Через пять минут прозвенит звонок, доводящий до сведения сотрудников и студентов, что рабочий день начался.
Александр Васильевич встал из-за письменного стола и подошёл к огромному окну своего любимого кабинета. Меж пальцев дымилась сигарета (ох, сколько ни говорили врачи, но Александр Изместьев их не слушал и курил, курил, много курил). Он медленно, со вкусом, затягивался, наблюдая  через стекло за мельтешением будней.

Дождь, как ни странно, перестал. Но, похоже, что на короткое время,  -  как будто там, в выси, где громоздились полчища туч, некий воевода отдал приказ о передышке и восстановлении влагоносных сил своих бойцов. Сейчас набухнут побольше и снова ка-ак дадут водными снарядами по Земле!

На проезжей части брюзжали моторами разнокалиберные авто. Люди монотонно сновали туда-сюда по мокрым тротуарам, а к парадному входу института через площадь, мимо почерневших клумб, стекались редкой струёй бегом бегущие опоздавшие.

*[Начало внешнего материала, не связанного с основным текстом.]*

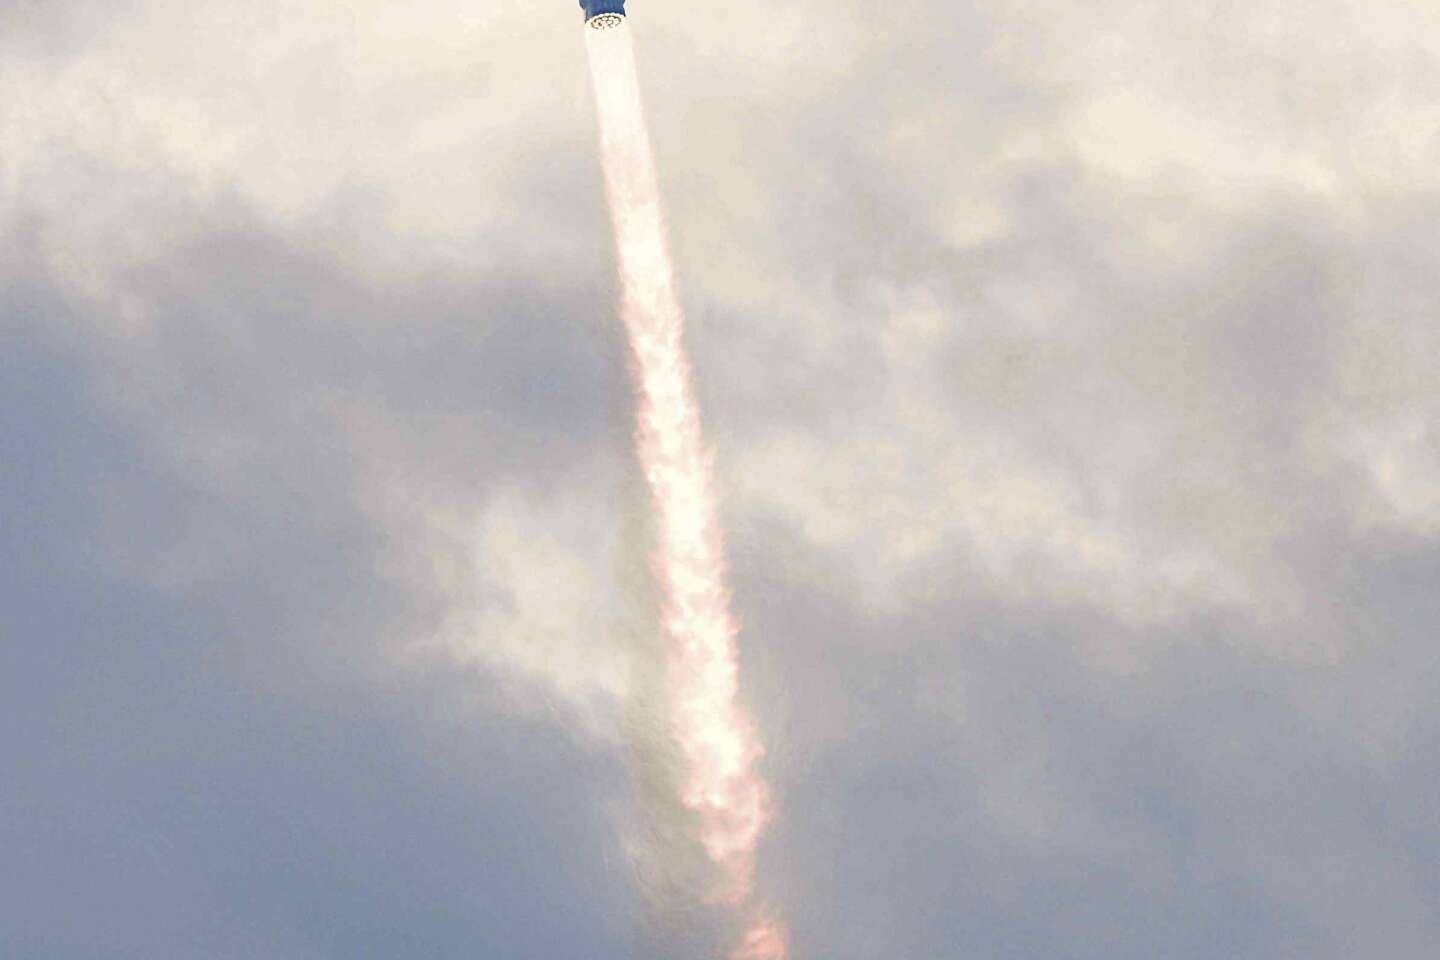 For its third flight, the spaceship disintegrates upon reentry into the atmosphere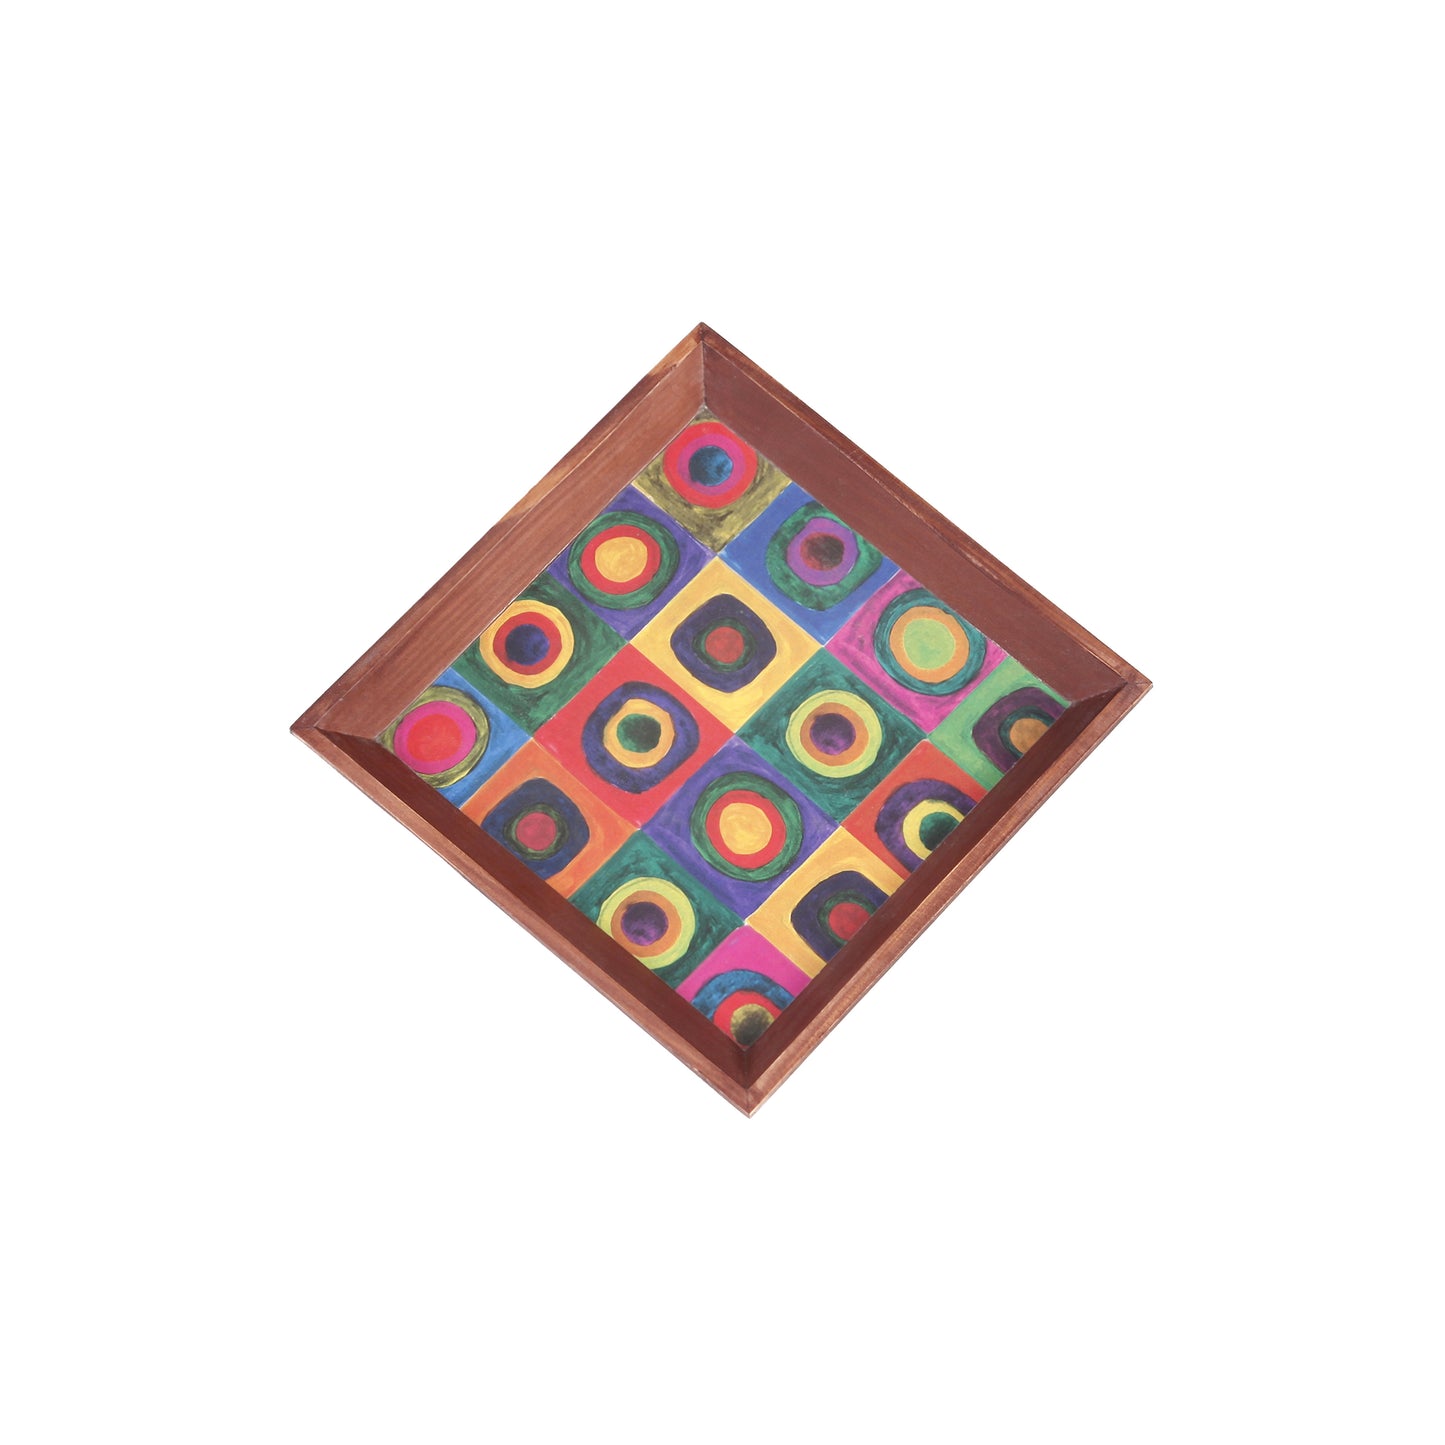 A Tiny Mistake Modern Art Small Square Wooden Serving Tray, 18 x 18 x 2 cm

Александр Васильевич затянулся в последний раз и смял окурок в металлической пепельнице в виде чёрта с красными глазами и рожками на лбу. Он водрузился в приподнятое  на рессорах кресло, словно на трон, взял ручку и хотел утонуть в расписании пар и лабораторных часов, но его отвлекало постоянно тревожащее, протягивающееся со дна души, а, может, превращаясь в материально-физическую боль, и со дна тела,  -  откуда-то из-под кожи, или из-под желудка, или из-под сердца,  -  томительное нытьё. Александру Васильевичу порой становилось как-то не по себе от приятно терзающего томления. И неотступным привидением витал перед ним облик далёкой юной чаровницы, приобретая уже не реальные черты из воспоминаний, а некие сказочные, влекуще-таинственные контуры.

Александр Васильевич вдруг потряс в разные стороны головой, подобно собаке, выбежавшей из речки и сбрасывающей с себя лишнюю влагу, которая отяжелила шерсть. «Всё, хватит. Надо работать»,  - говорил он себе, заставляя взяться за ум и продолжить дело. Но только его пальцы сжимали шариковую ручку с позолоченным набалдашником и  глаза  направляли взгляд в графики и схему расписания, внутри снова начинало всё ворошить, всё обволакивать неотвязчивое томительное чувство. «Наверное, я  помолодел,  -  решил Изместьев,  -  если я хочу любви, то, разумеется, помолодел». Он собрался слезть с кресла и выйти в коридор или  даже на улицу, где бушевал свежий озоновый воздух, -  может, мысли и чувства улягутся, немного притихнут. Но в это самое мгновение приоткрылась дверь, и Александр Васильевич увидел улыбающуюся физиономию лаборанта Бекешина, который вечно где-то пропадал в течение рабочего дня, везде совал свой любопытный нос и не по-мужски обо  всех  всё знал. Только его-то  Изместьеву и не хватало!

-Здрасьте, Александр Васильевич!
-Что тебе, вездесущий Бекешин?
- Нет, мне от вас ничего не нужно…
- Неужели?
- Не нужно, а вот даме…  Это к вам,  - и он галантно пропустил вперёд себя женщину, которая довольно смущённо вошла в кабинет замдекана по научной части.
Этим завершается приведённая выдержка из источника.